The story took a far stranger turn after the station was closed, however. The comedy-thriller movie, Bulldog Jack, which was released in 1935, included in its story a secret tunnel that ran from the station to the Egyptian Room at the British Museum. The station in the film is known as Bloomsbury, and was a stage set; however, the scenario presented in the film was based on the story of the ghost of British Museum Station.

Oddly enough, on the exact same night that the movie was released, two women were said to have disappeared from the platform at Holborn – which happened to be the next station along from the British Museum. Strange marks were allegedly found on the walls of the closed station, and more sightings of the ghost were reported, along with weird moaning noises coming from behind the walls of the tunnels. London Underground officials repeatedly played down the story, and there has always been a blanket denial on the existence of a tunnel from the station to the museum’s Egyptian Room. Nevertheless, the story was resurrected in Keith Lowe’s novel, Tunnel Vision, in which the lead character states, while trying to both impress and scare his girlfriend: “If you listen carefully when you’re standing at the platform at Holborn, sometimes – just sometimes – you can hear the wailing of Egyptian voices floating down the tunnel towards you.”

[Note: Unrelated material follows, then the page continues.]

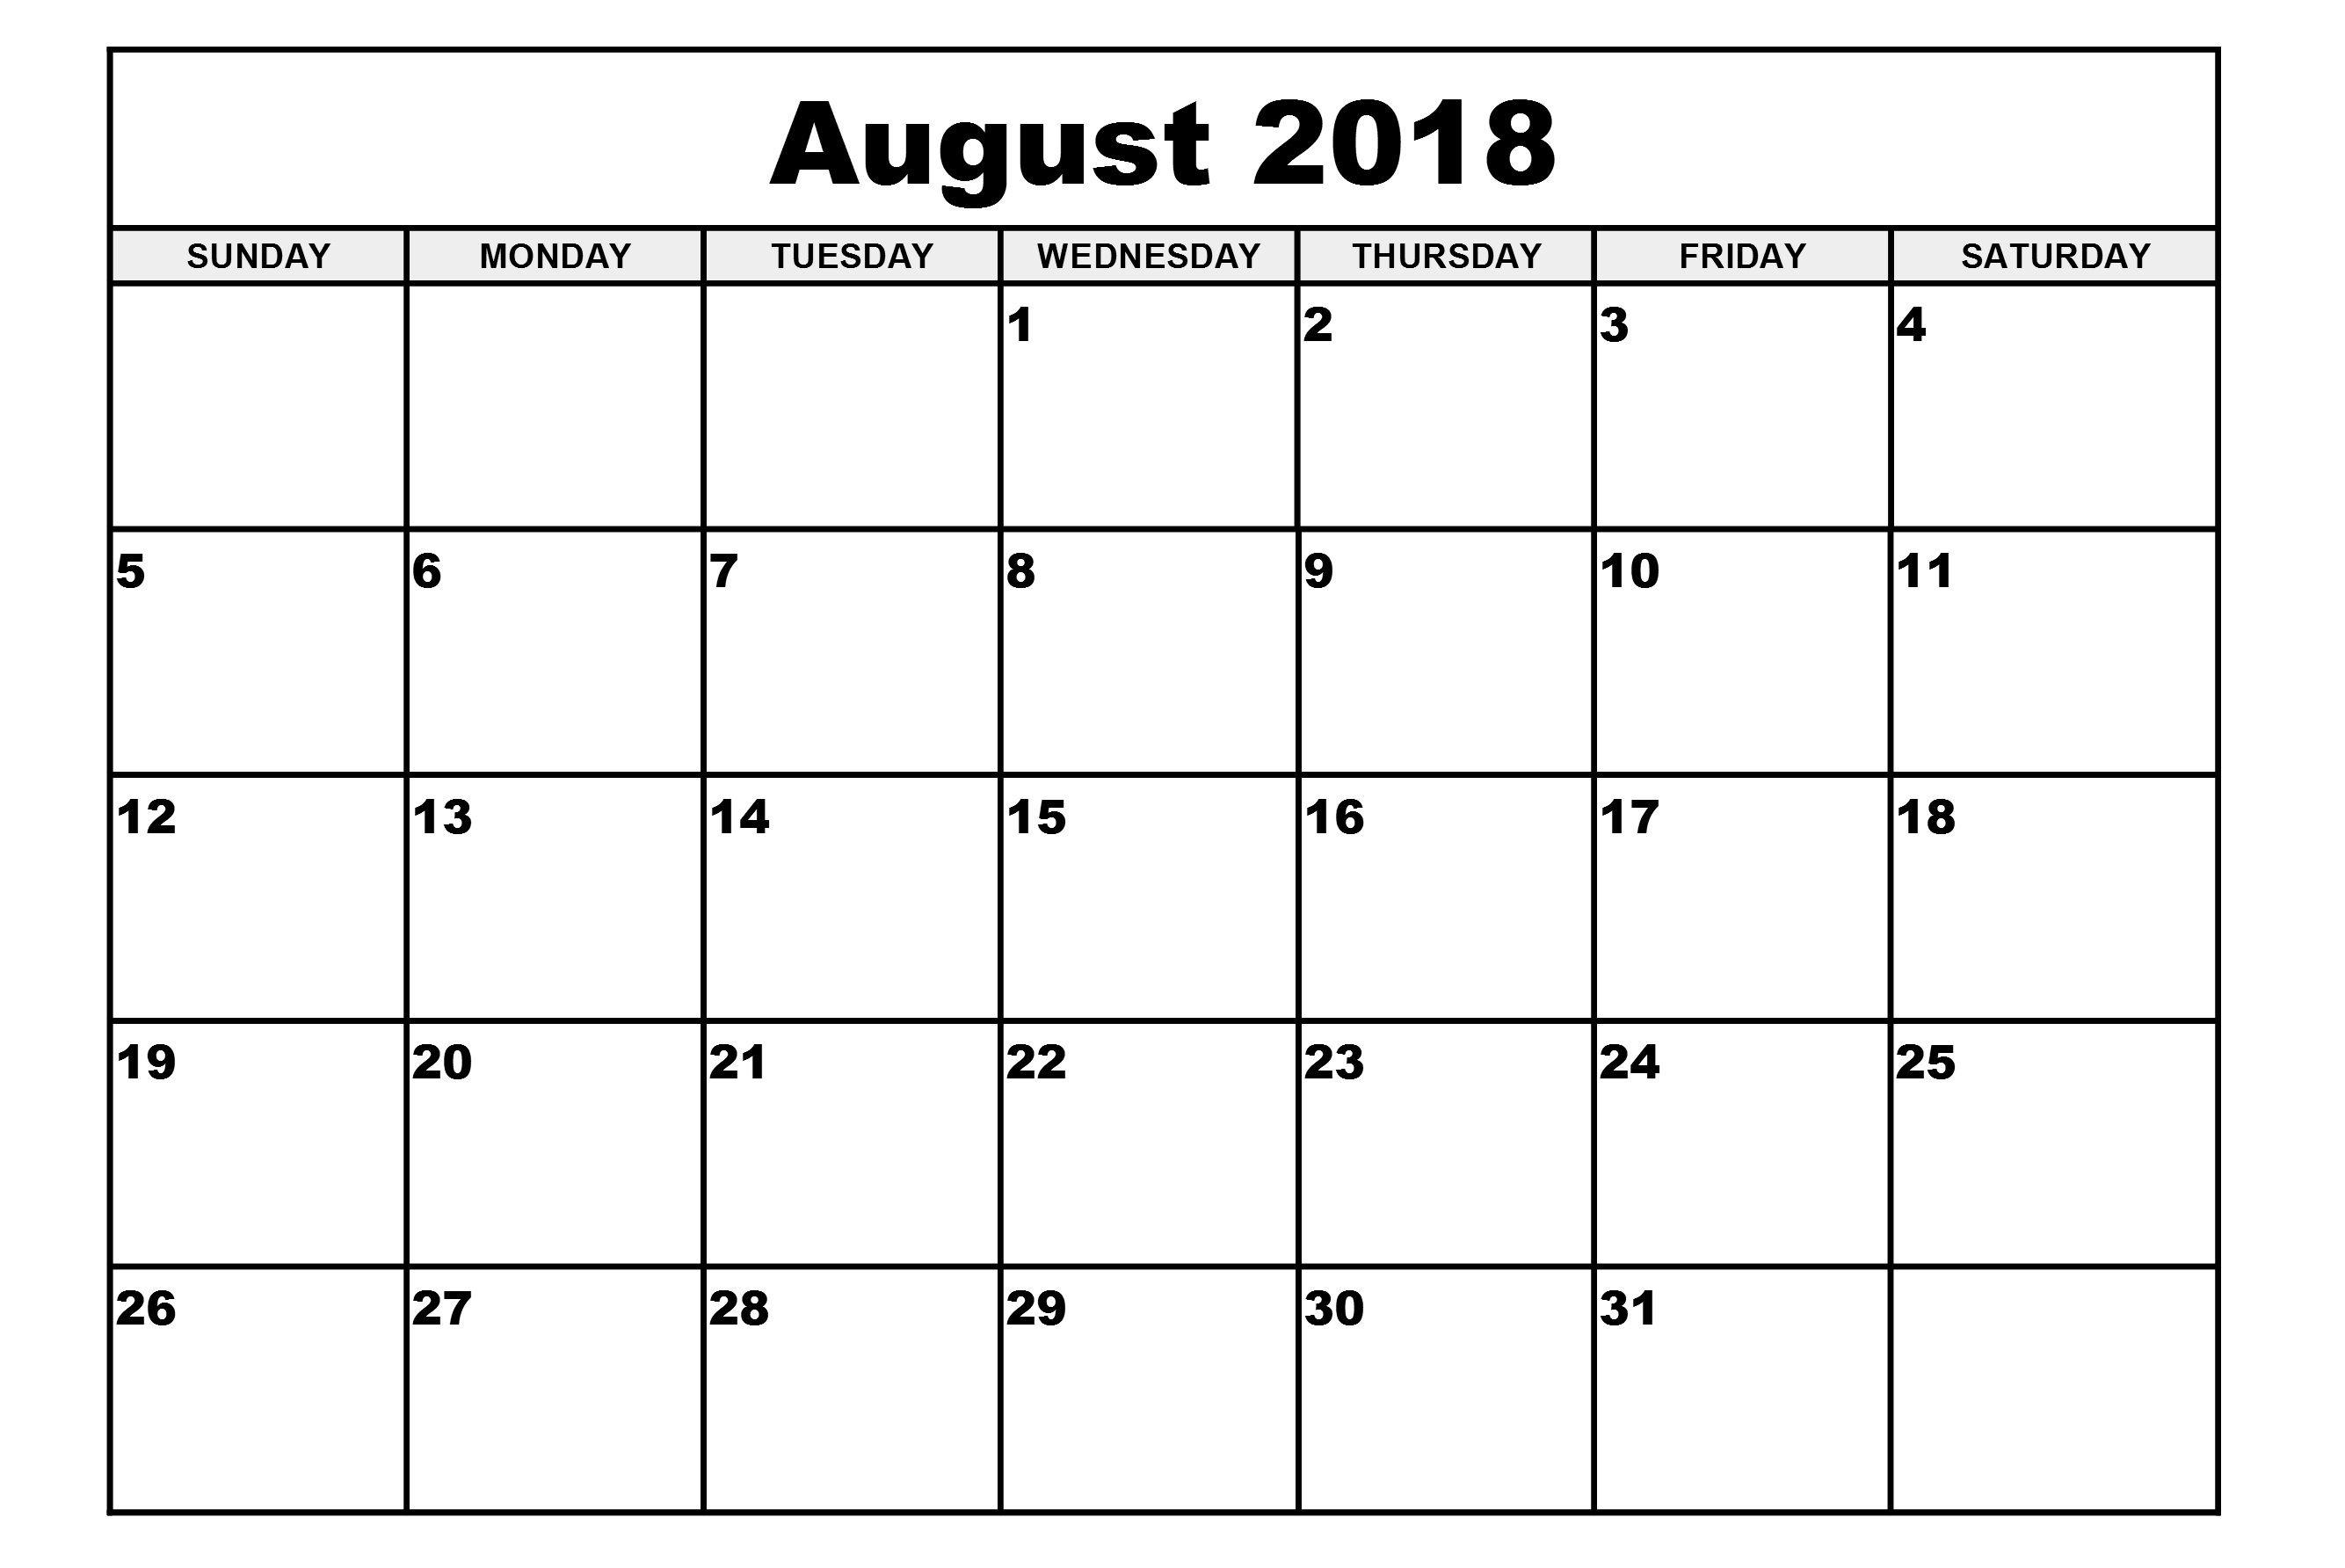 August Calendar 2018 Printable Simple Blank Template   August regarding Blank Calendar August Template Australia

British Museum Station is also said to be home to a ghostly figure that roams the tunnels dressed in a large coat, tall hat, and gloves. Supposedly, the ghost is that of one William Terriss, an actor who was stabbed to death near the Adelphi Theater in December 1897.

To what extent there is any truth to the strange tales of the London Underground is anyone’s guess. All we can say for sure is that the legends exist and continue to circulate. As such tales so often do when it comes to the matter of what we might call “subterranean secrets.” Dead aliens below Ohio’s Wright-Patterson Air Force Base, alligators in the sewers of New York, and…well…the list goes on and on.